Rice University's Barron notes that much of the activator work has predicated itself on finding strong Lewis acids, even though MAO itself isn't exactly a Lewis acid. Instead, he says, MAO has latent Lewis acidity--it becomes a Lewis acid when its cage structure opens in the presence of a metallocene.
Barron cautions that going for merely a strong Lewis acid creates activators that are sensitive to impurities. On the other hand, he adds, the strong Lewis acids are much more active than MAO.
Marks's group at Northwestern--which at various times has collaborated with Dow Chemical, Dow Corning, BP, and Albemarle, and has received funding from the Department of Energy--has developed different families of strong Lewis acid catalyst activators.
THE RESEARCH, Marks says, has led to more than just better activators. "The catalytically active cation-anion pair product you get when the activator activates is another knob that you can tune to change the properties of the catalysts," he adds. The activator, he explains, can affect the rate of polymerization, the polymer molecular weight, and the thermal stability of the catalyst system, as well as the stereochemistry and other properties of the final polymer.
The most commercially developed family is based on fluoroaryl borane, for which the Northwestern group has already filed patents and granted licenses.

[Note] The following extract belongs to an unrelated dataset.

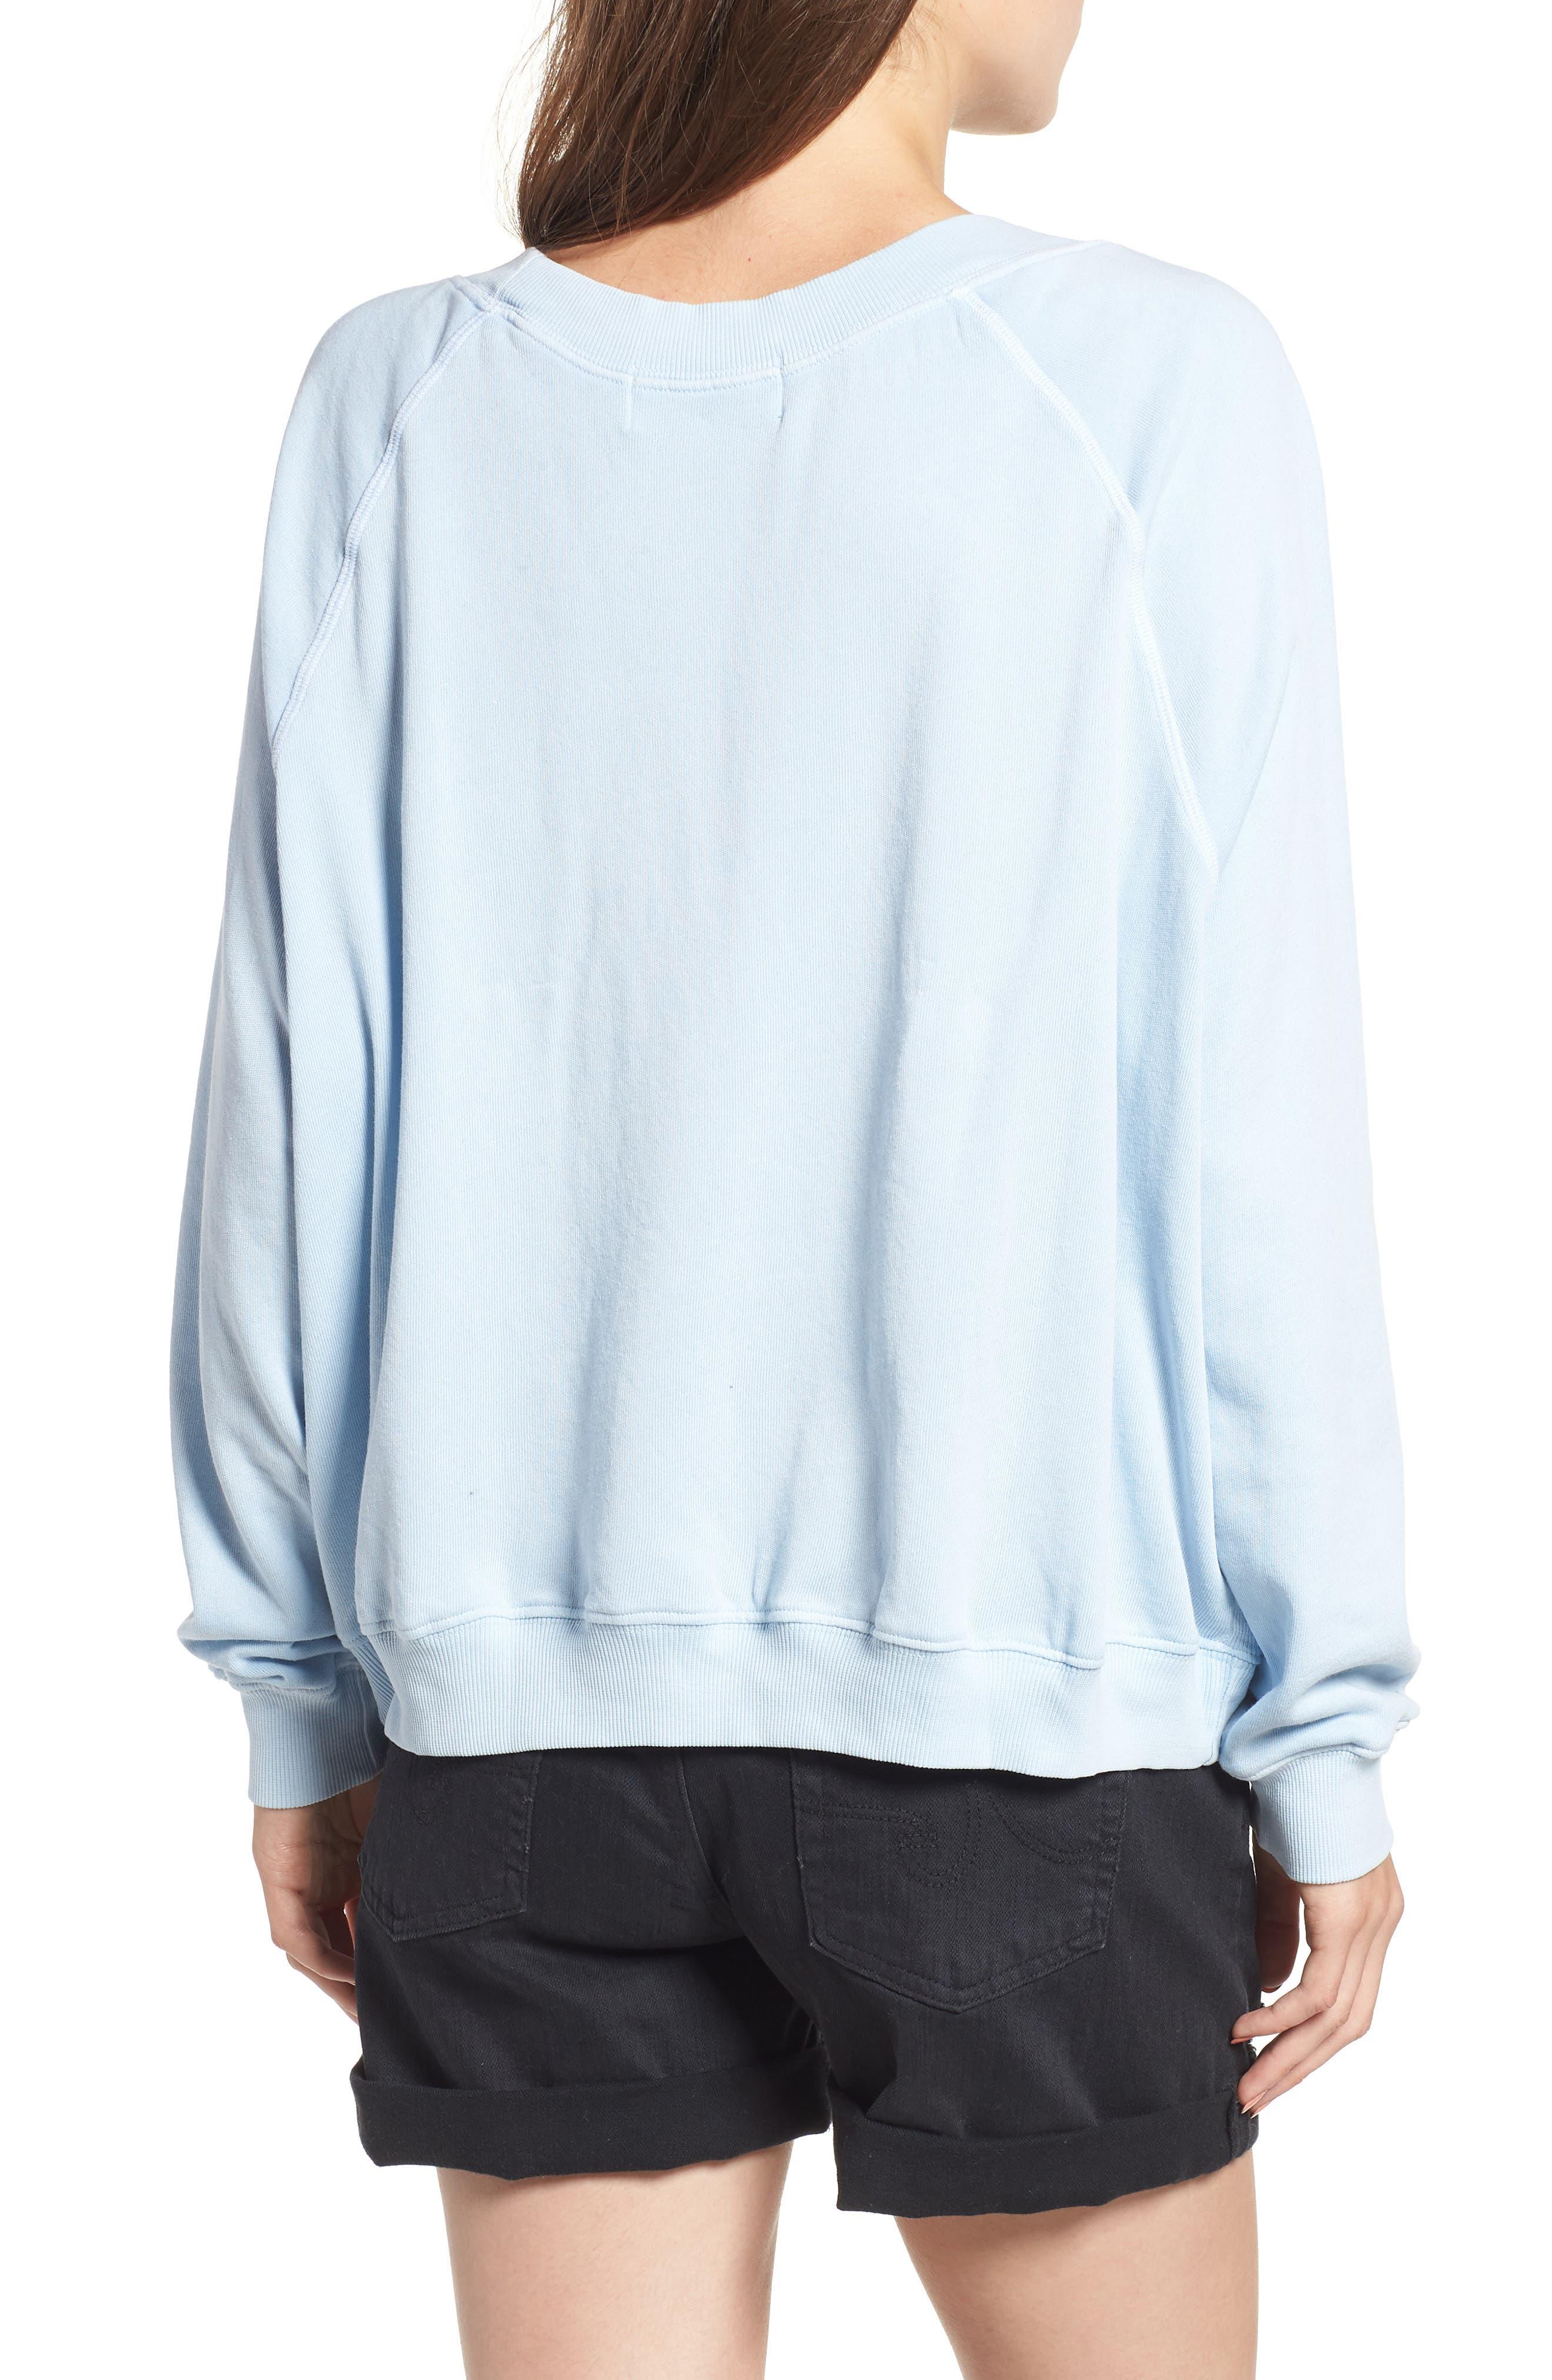 Malibu Crest Sommers Sweatshirt,                             Alternate thumbnail 2, color,                             400
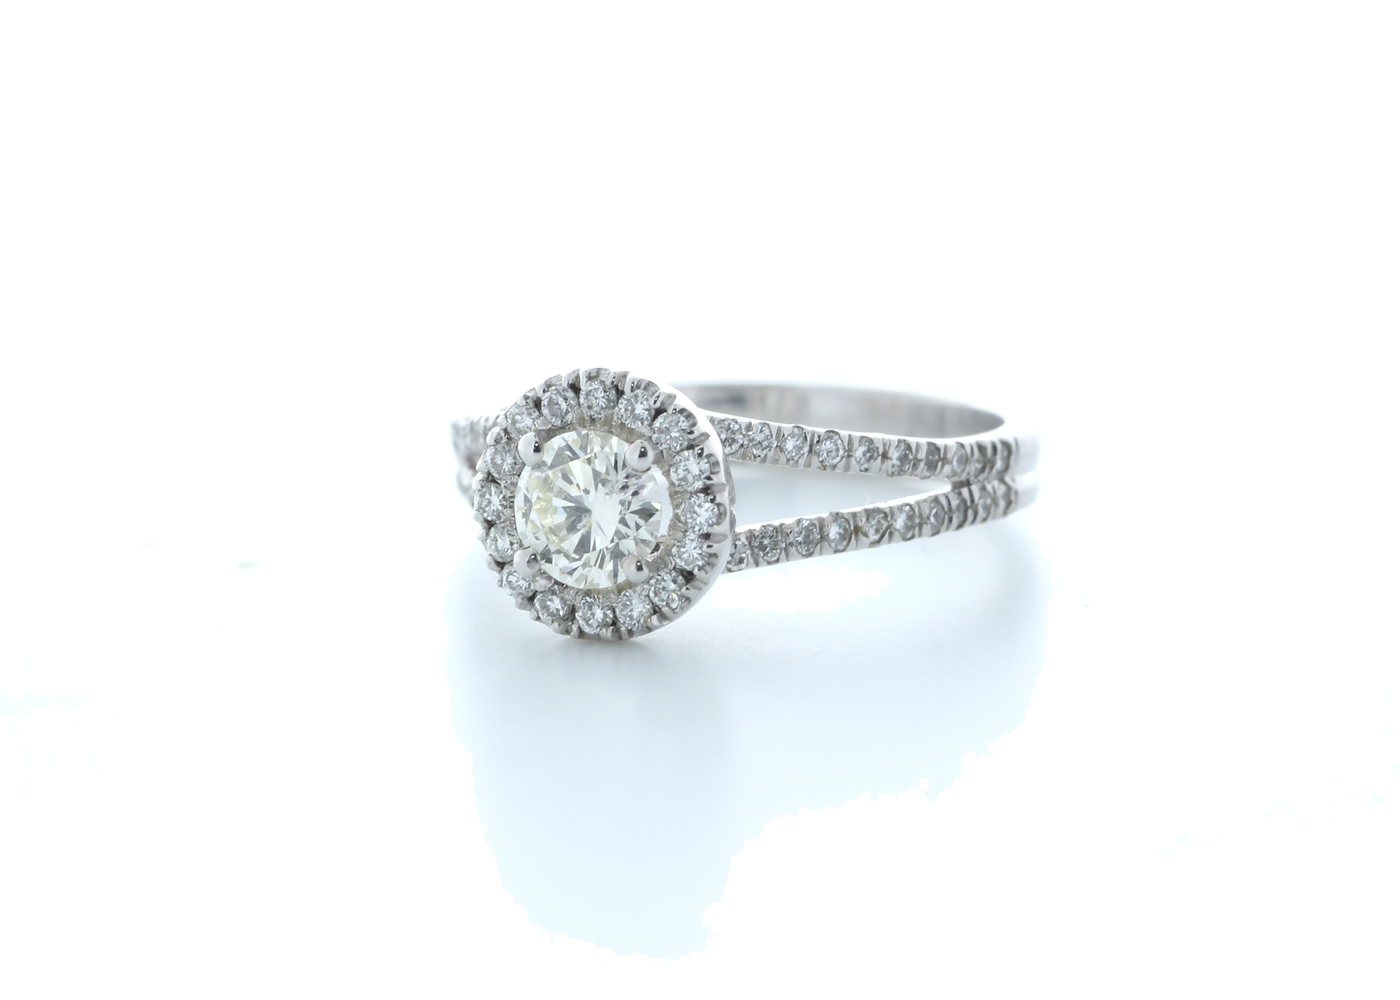 18k White Gold Single Stone With Halo Setting Ring 0.78 (0.45) Carats - Image 2 of 5

In exploring activators, researchers have uncovered another layer of complexity in single-site catalysis. They are finding that they cannot look at any one ingredient in the reactor without looking at all the others, too. "For a while, people thought that if you understood everything about the metal complex, you understood everything about the whole system," Marks says. "It's turning out that the activators are a very important part also."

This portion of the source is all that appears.